During the execution of a computer application, more often the instructions have the tendency to access the same set of memory locations repeatedly over a short period of time. This phenomenon is called principle of locality. There are two types of locality — temporal locality, spatial locality.

Temporal locality — the tendency to access the same memory location repeatedly with in a relatively short period of time.

Spatial locality — the tendency to access the memory locations with in a relatively close proximity to the currently accessed location.

Due to the existence of this principle, any computer architecture will have a hierarchy of memory, thereby optimizing the execution of the instructions.

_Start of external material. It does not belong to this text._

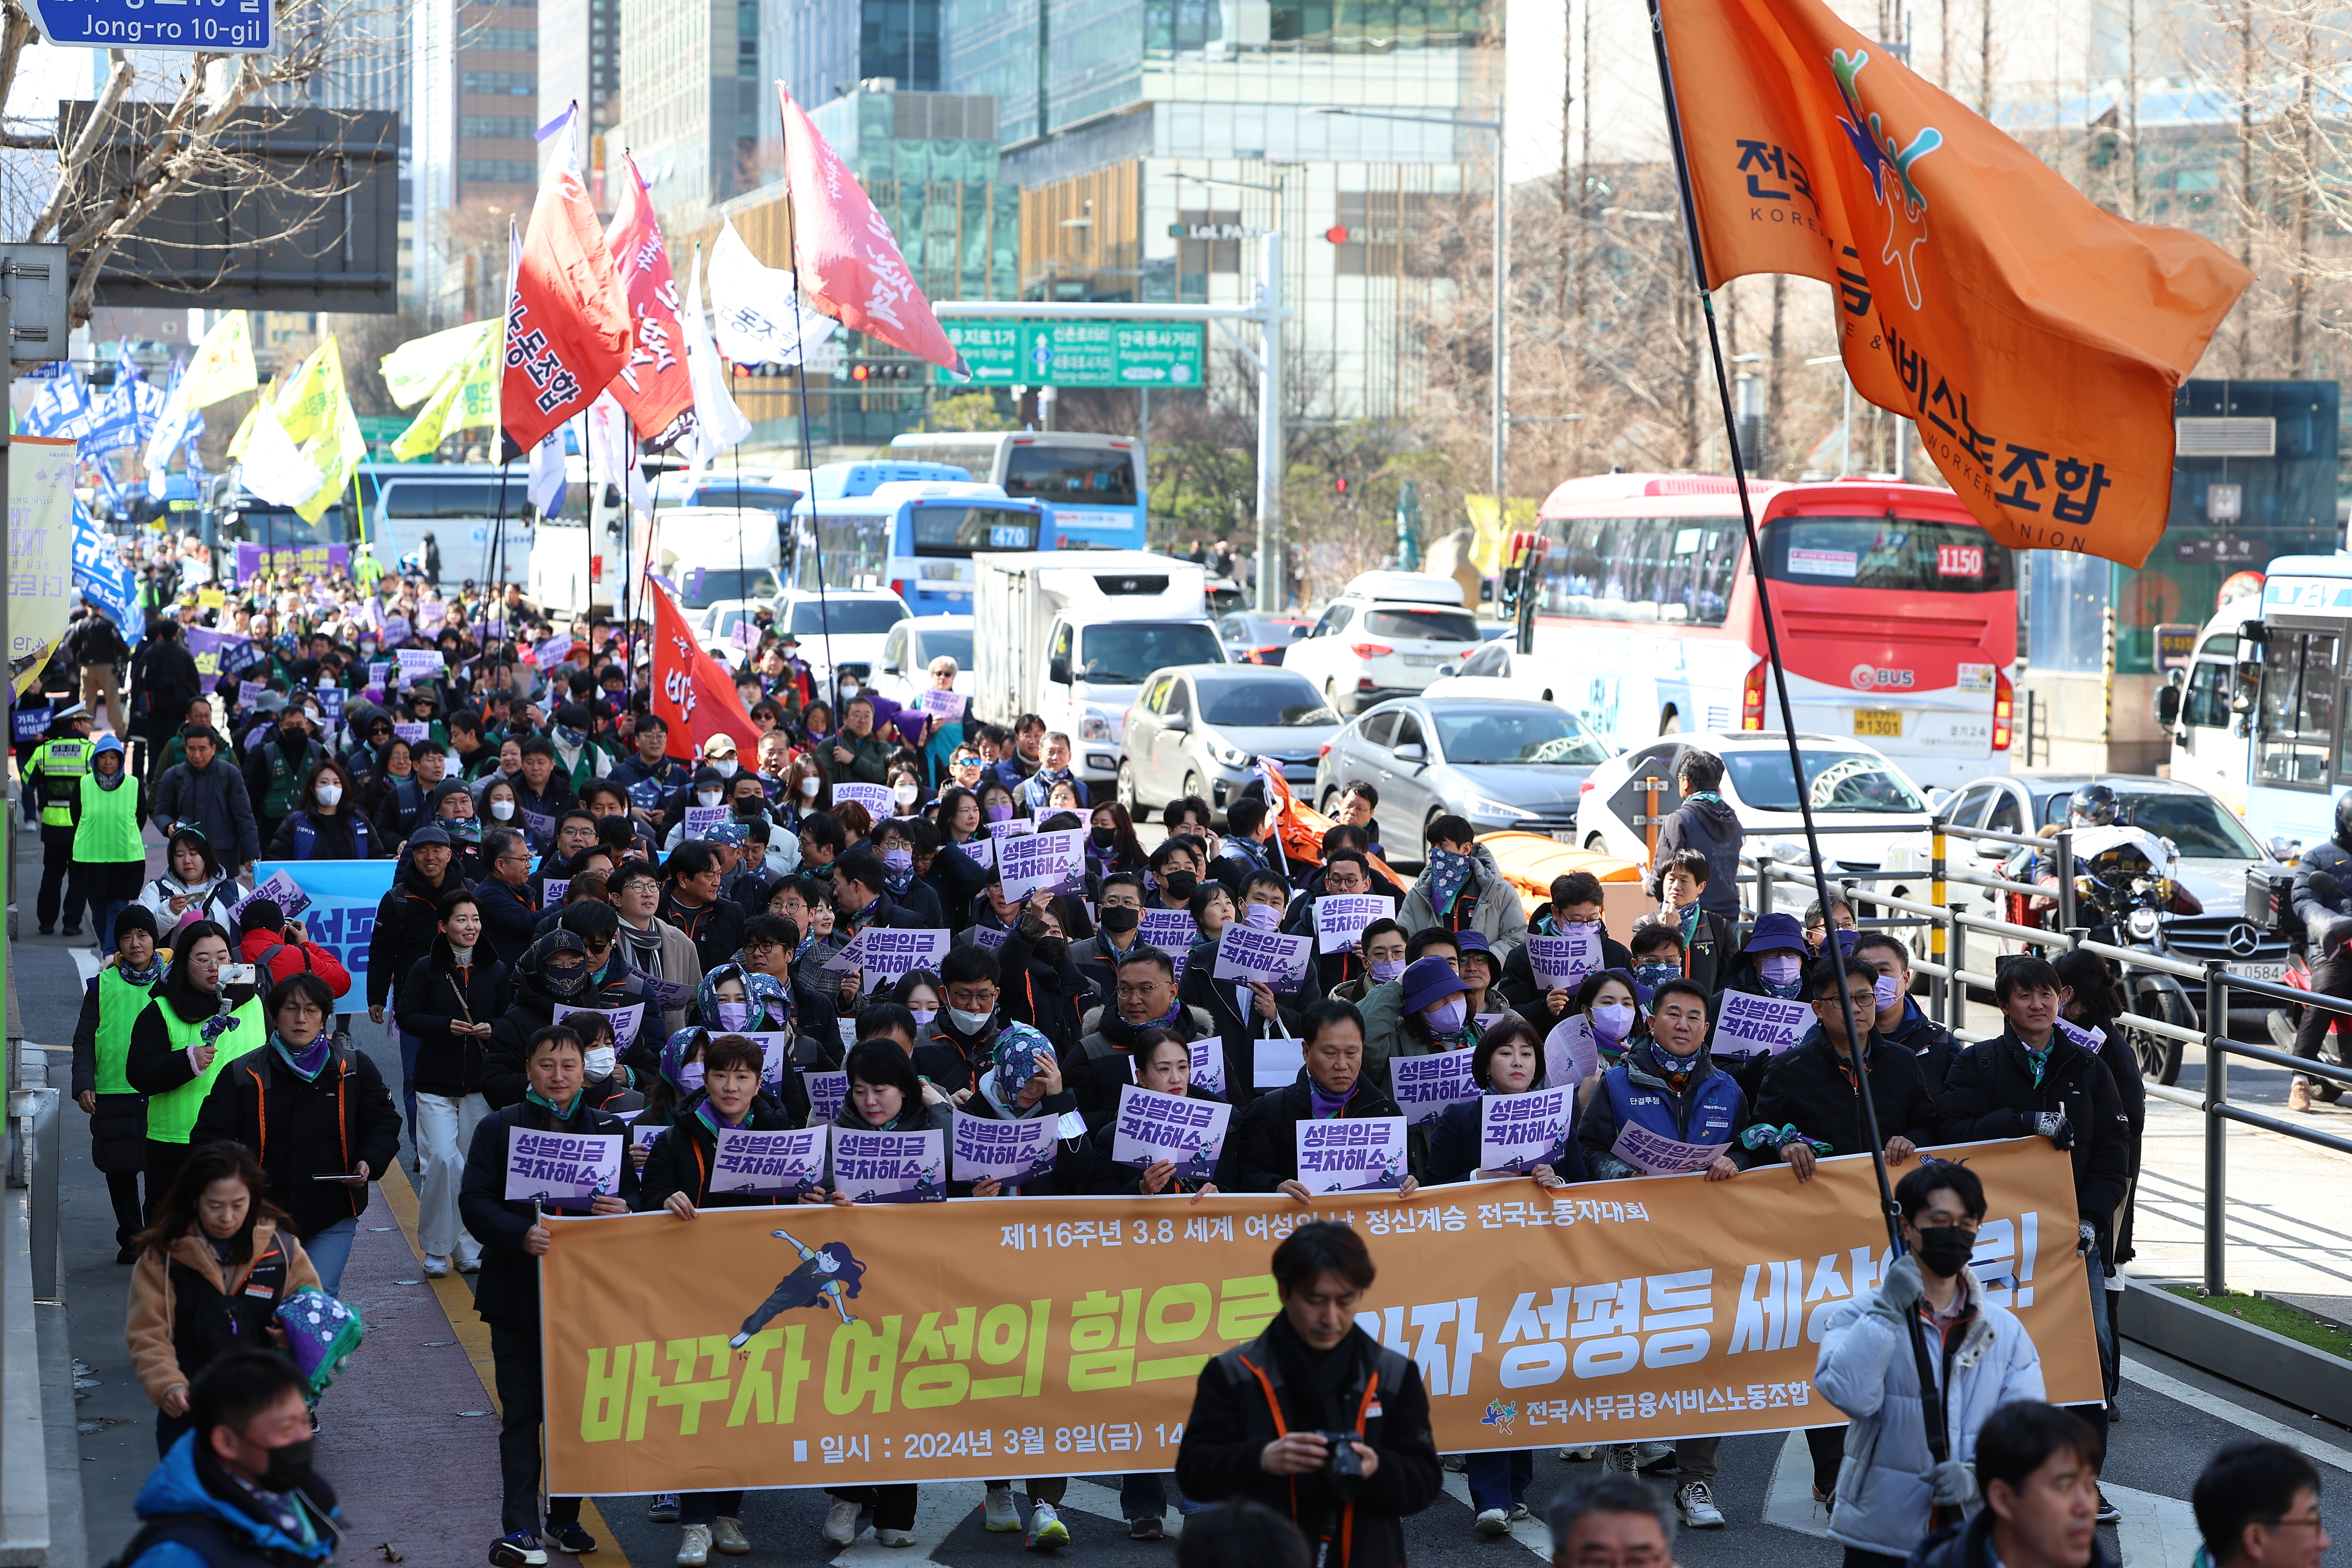 세계여성의 날인 8일 오후 민주노총 세계여성의날 정신 계승 전국노동자대회 참가자들이 서울 종로에서 대학로 방면으로 거리 행진을 하고 있다. 연합뉴스

As the distance of the memory increases from the processor, the data access from that memory take more clock cycles to process.

GPU Memory Hierarchy

In case of an NVIDIA GPU, the shared memory, the L1 cache and the Constant memory cache are within the streaming multiprocessor block. Hence they are faster than the L2 cache, and GPU RAM.

GPU Execution model

As discussed in Part 1 of this series, GPU is a co-processor. GPU kernel launch, and data initialization and transfer happens from the CPU. Let’s take an example to discuss further.

__global__ void array_sum (int *d_a, int *d_b, int *d_c, int size)
{
int gid = blockDim.x * blockIdx.x + threadIdx.x;
if (gid < size)
c[gid] = a[gid] + b[gid];
}

In the above kernel code, we are receiving two arrays a and b as input and accumulating the addition of those two arrays in third array c. size is the size of each array. The global index (gid) calculation is elaborated in this article.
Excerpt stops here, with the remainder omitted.